The difficulties this would pose those providing services to MB on the ground was not lost on HHJ Parry QC, who noted that:
It is a clear undercurrent in these proceedings that those who know MB particularly well, including those who have been providing care to him over a number of years and his social worker, have worries about MB’s future and how he will adapt to the changes that may become open to him. There are also understandably legitimate concerns and worries as to the impact upon him of making changes to a routine that he has become very used to over the last nine years or so. Those are legitimate concerns for professionals to have both at a personal and professional level for MB.’
Lastly, HHJ Parry noted that the “proceedings conclude without any clarity as to what alternative care arrangements could be made available for MB” but unsatisfactory as this was, she correctly identified that this was no longer the concern of the Court.
This case is an interesting example of what the court should do in the face of joint expert evidence as to capacity that it does not find convincing. Reading between the lines, it appears as if the judge felt that her hands were tied by the parties’ willingness to accept that evidence.
While it is difficult for a court to take a different approach to that of the parties, the court’s jurisdiction is ultimately an inquisitorial one. It would have been interesting to see what the court had done had (as is not uncommon) all the evidence been to the effect that MB lacked capacity but the court was not satisfied as to its quality. There is, of course, the asymmetry introduced by the presumption of capacity, but HHJ Parry did not make express reference to this. Further, what is not clear from the judgment is whether was an exploration of (1) the extent to which the current care package was maximising MB’s capacity (by reducing his anxiety and minimising the environmental triggers that may cause him to slide into incapacity); and (2) the likelihood of him losing the capacity to make decisions in the absence of the care package.
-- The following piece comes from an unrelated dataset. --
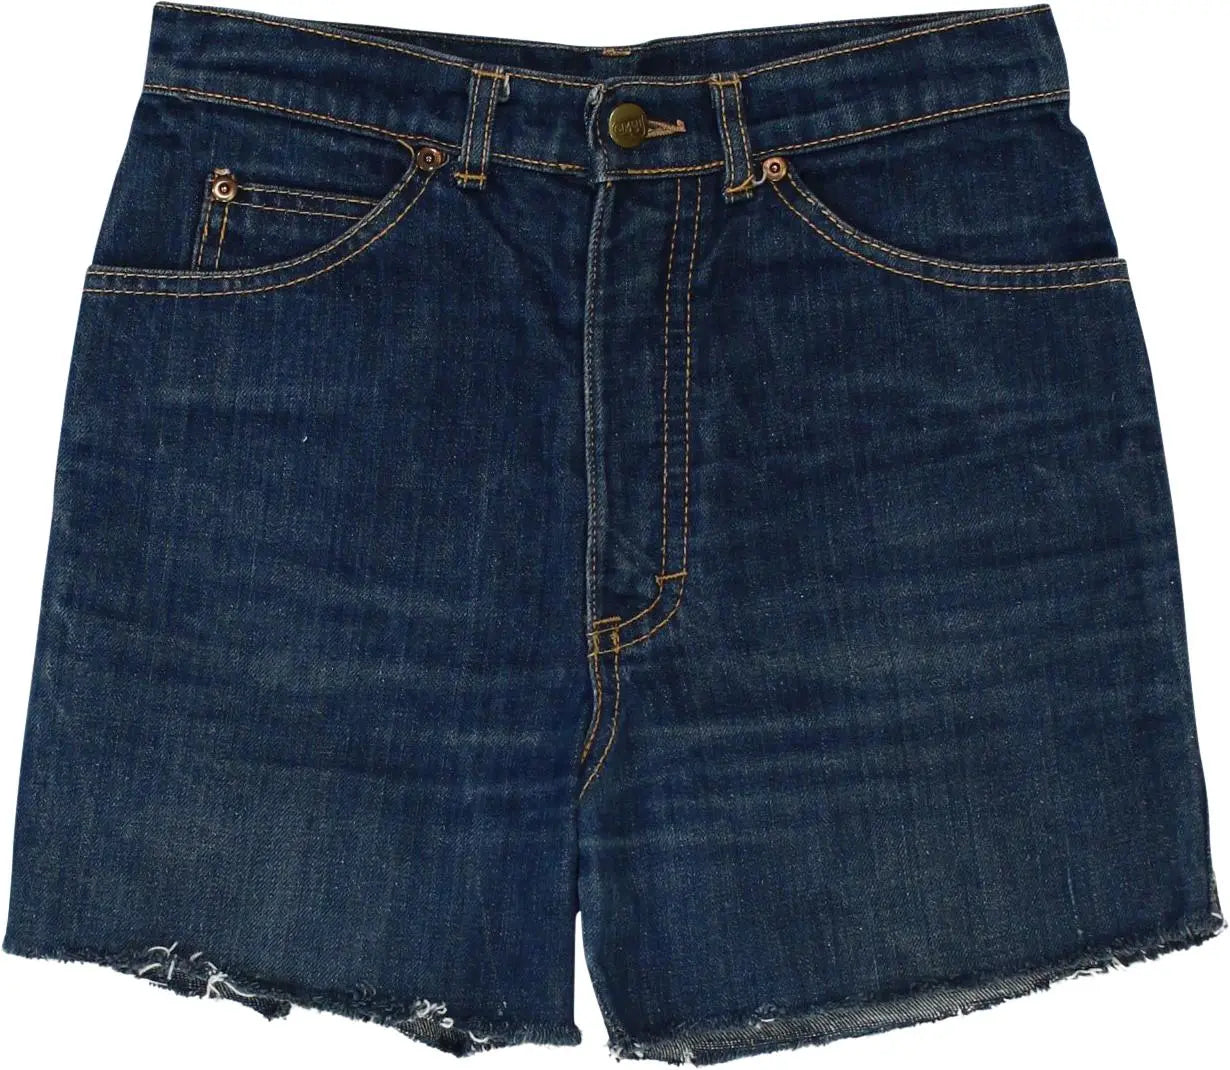 Crash - Blue Denim Shorts- ThriftTale.com - Vintage and second handclothing

We suggest that this could have been a legitimate avenue of exploration in this case. There are cases in which it is only after a period of time in which a care package has been imposed on P via the MCA (in respect of a non-compliant diabetic for example), that P is able to make capacitous decisions. Once P has regained capacity to make decisions about care (and makes the unwise decision to refuse all care), P’s health declines and P again loses the capacity to make decisions about care. We suggest that the court must have power in a case of that nature to put in place a regime that kicks in once P loses capacity, and we have had – unreported – experience of the court making ‘contingent’ declarations/decisions to cater for sufficiently foreseeable circumstances.